# Mantic Ghouls



## Dusty's Corner (Aug 25, 2008)

Howdy,
I'm sure there is a thread floating about for this (Admin - please feel free to move). 
Rightio, Finished a couple of Mantic Ghouls. Given them a sewer/drain style base. I might have to rephotograph all of these as I'm just not really happy with how the camera has taken them.Green skin ghouls? I know, too much green basecoat.
































The blood splatter was fun to do. 

Here's the other chap.

























Well that's about it for this post for now at least. They might get a special base made to display them together as a pair. Toodles!
-Dusty


----------



## nirvasch (Jul 3, 2009)

Oooook, mate just dont get me wrong  - 'he said and started messing around '
In MY (and only my) opinion the minis:

1. Great basing ! - really gives the unique look - what did you use for the simple flat plates??? - lloks like fimo or miliput to me.

2. The green.. They look kinda bleached to me - as if you would just put some green glazes /washes over a white undercoat.. - They lack the crispiness of a solid green base.. Don't be afraid to use solid colours and later highlight them. A solid colour base is the best way to get a mini lookin good.

Try this - paint a mini black and apply base colours to each area - just as you do it every time while painting a mini.

Then:

Try this - paint a mini white, and apply a solid colour - so that the colour saturation and hue is consistant on all parts - flat , base colours , no highlights,

Now compare both minis...

Which one looks better 

3. Clothes.
If you are using green as the main colour - use contrast colours to fill up the mini - according to the wheel of colours and the colour theory - the bst colours working with each other are opposite on the wheel of colours :










They wave lenght is complementary...

This basically means:
When painting something green - shade it with dark red.
Do this by mixing some green with a tad of dark red/bronze red.
When painting something red - highlight it with bright green...

etc...

In my opinion the cloth parts should bered/ purple - this would remove the 'bleached look'

No offense in anything above, just willing to help...

I know this sounds strange but it works...
If you need some photo tutorial, just pm me - I'm here to help.


----------



## Varakir (Sep 2, 2009)

Very cool. I think the second one is lacking something compared to the first though. The first one is just oozing character, from the great base to the spooky pose.

I was playing about with mine the other day and i'm quite impressed with the models - not sure what to do with them tyet but this is pretty inspirational


----------



## imm0rtal reaper (Jul 15, 2008)

I like it man. I really like the green tinge to the skin, makes them look very rotting.

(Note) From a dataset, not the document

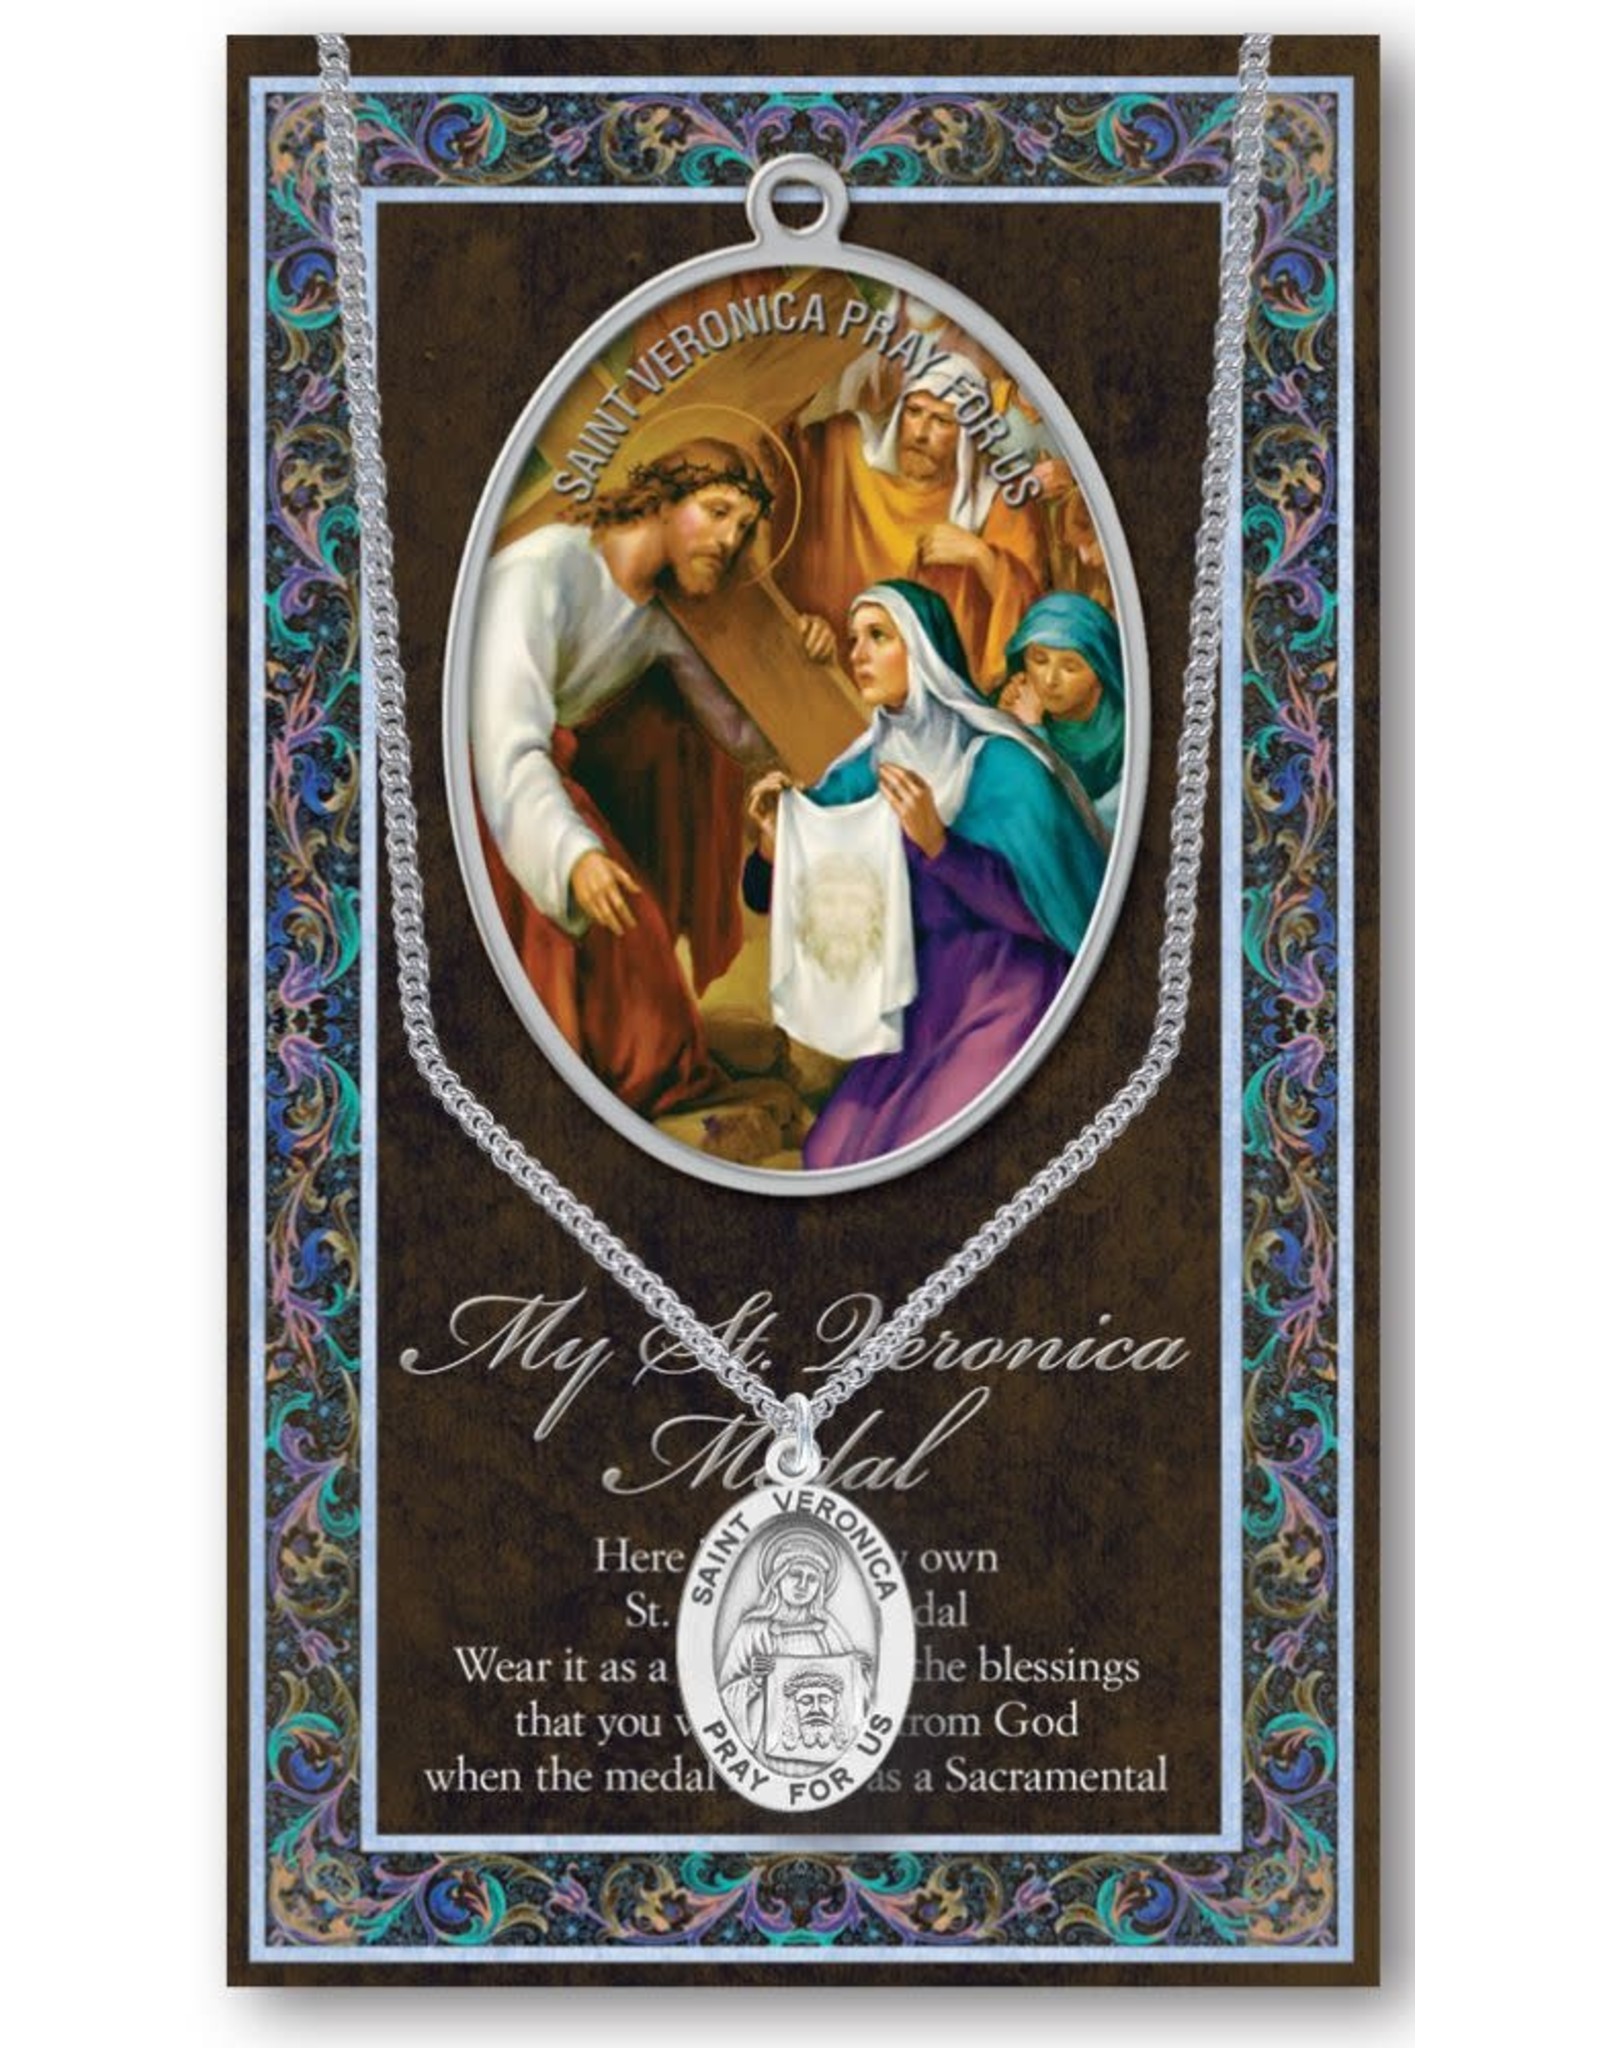 Hirten Saint Medal with Prayer Card - St. Veronica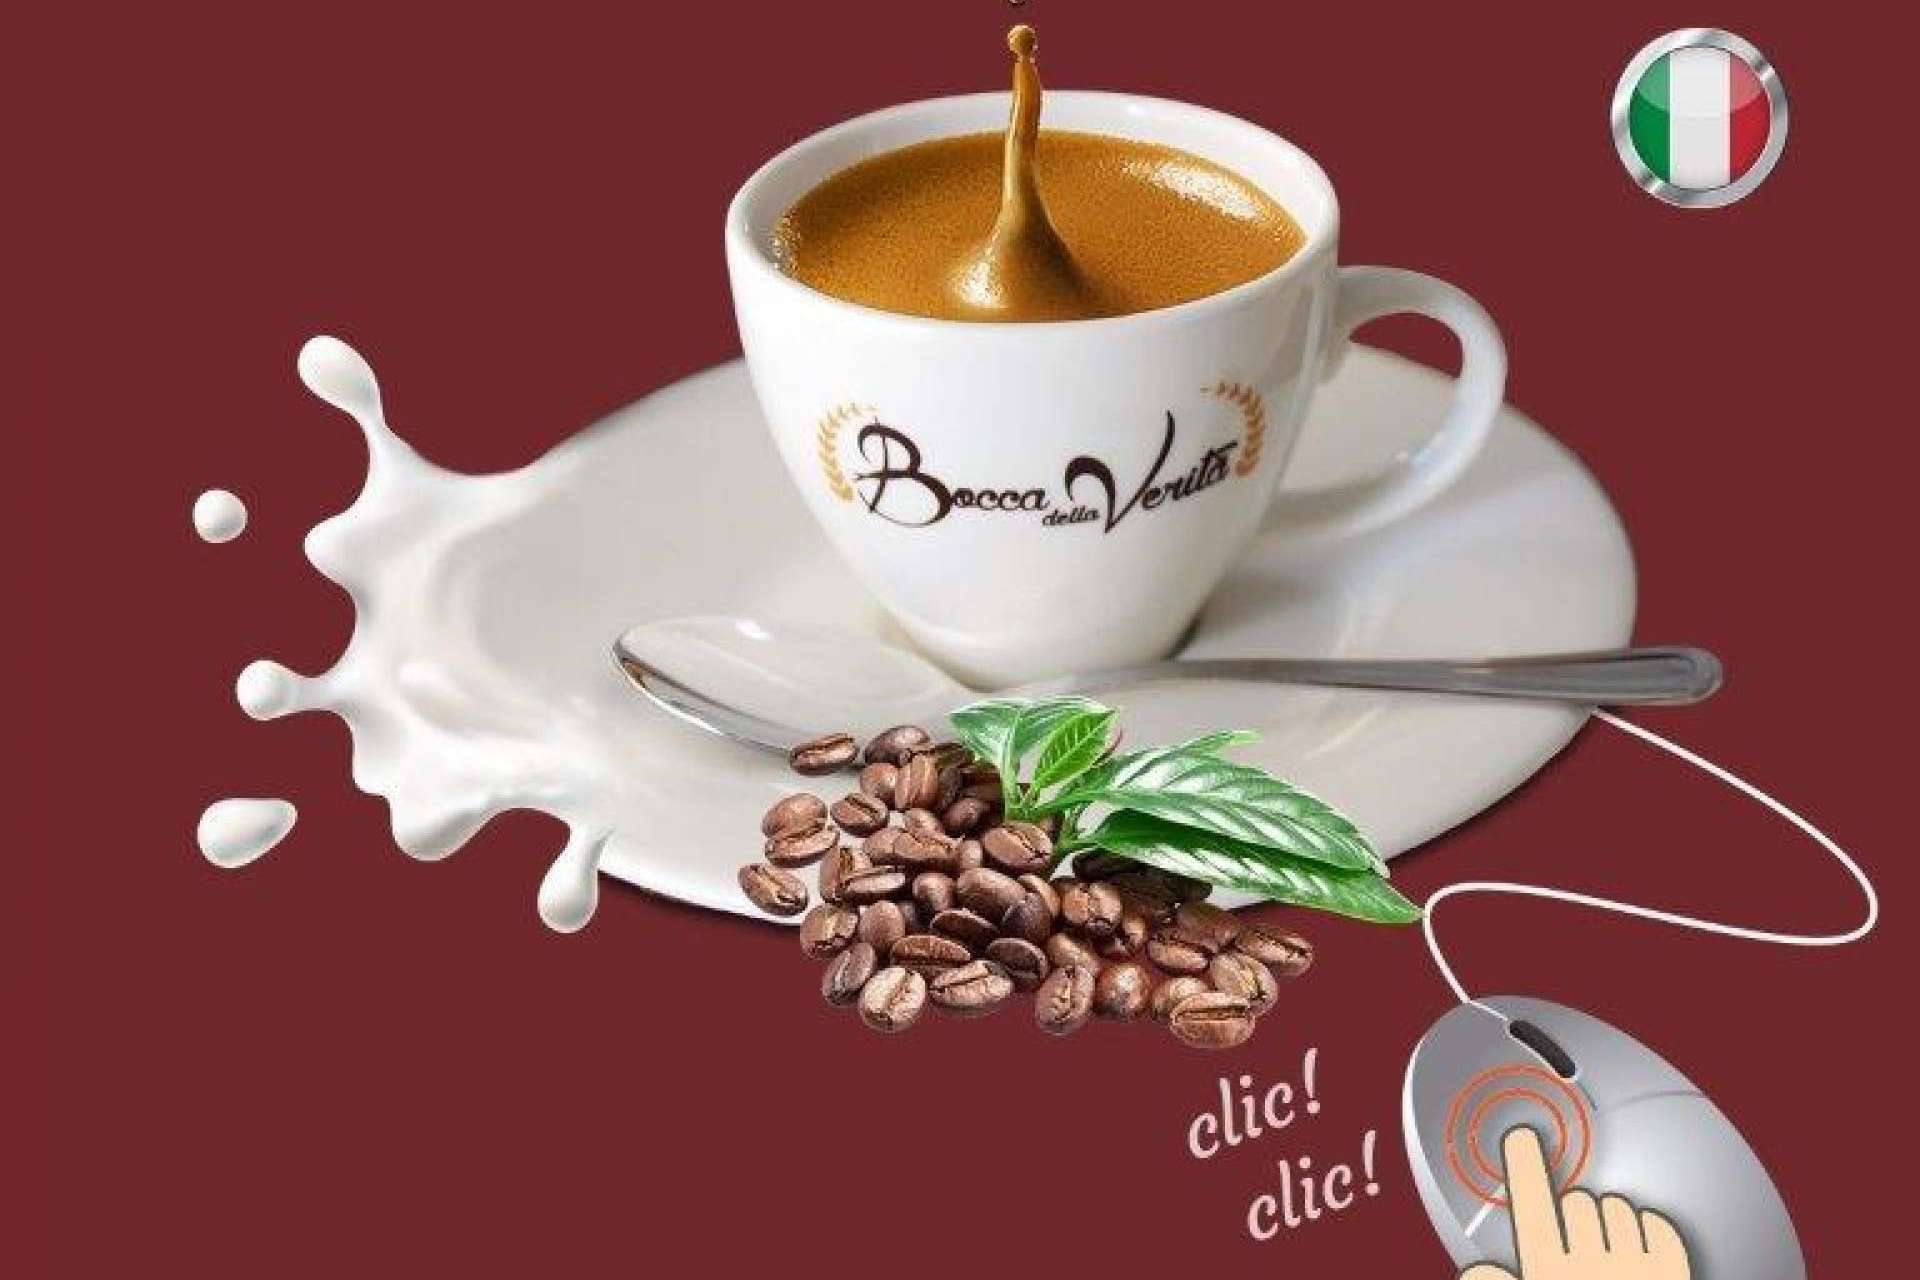 Las claves para reconocer un buen café, por Bocca Della Verità

And as far as the cloth and other areas go, yeah they may not have very detailed shading with all the colour theory used, but I think they look real. Know what I mean? If someone was wearing a light colour top like that, that is how it would look. So from an "artist" perspective, yeah they could have had more done to them, but seen as though these would be used amongst massed ranks, this paint job is great. It's given me a lot of ideas for my ghouls when they arrive.

Keep up the good work.


----------



## Dusty's Corner (Aug 25, 2008)

Howdy,
Cheers for comments and tips, always appreciated!
About the bases - I had to cut the original plastic base that the model is attached to but I kept a chunk under each foot so I could glue it to a GW base. The channel which the water is travelling through (under the legs) is actually the slot you get in some GW bases. Drilled holes in either end, and add a pipe. And it's sealed so later water effects can be added. Then the rocks and floors tiles are sculpted with milliput.
Skin paint - Basecoat was a darkish green (too dark really), rotting flesh, bleached bone dry brushed on. Washes of sepia. Ice blue + white drybrushed underneath (to reflect the look of water-ish). A wash of blue, then blue + green to help knock off some of the green (None of the blue shows really in pics). Generally areas like neck, arm pits/sides of torso, back of legs are more bleachy/yellow (well suppose to be).
Clothes - I didn't want these guys to be brightly coloured, so upper half is a off white, and lower half something 'raggy'. Only difference between the 2 ghouls top is one is washed with a brown, and the other is sepia. Had to go easy on the blood splatter as I didn't wanna have to go all out on effects. But I think I'm gonna have to muck them up a bit.
So, enough of my waffle and here's a little peek at what's happened to Ghoul #2. Hope y'all likes 
















Hehheh...









The chains coming off the wrists are glued at an angle - His sleeves are flowing backwards, so it helps give the idea of movement. And the signboard can be hooked over the pipe behind him if it's just too silly around his neck.
Not sure when he'll get a repaint. Hopefully soon, got some other projects I gotta do.
Laters guys,
Dusty


----------



## nirvasch (Jul 3, 2009)

Great  The other one should have a similar signboard saying BRAINS!


----------



## Blueberrypop (Apr 27, 2010)

I loled. good work


----------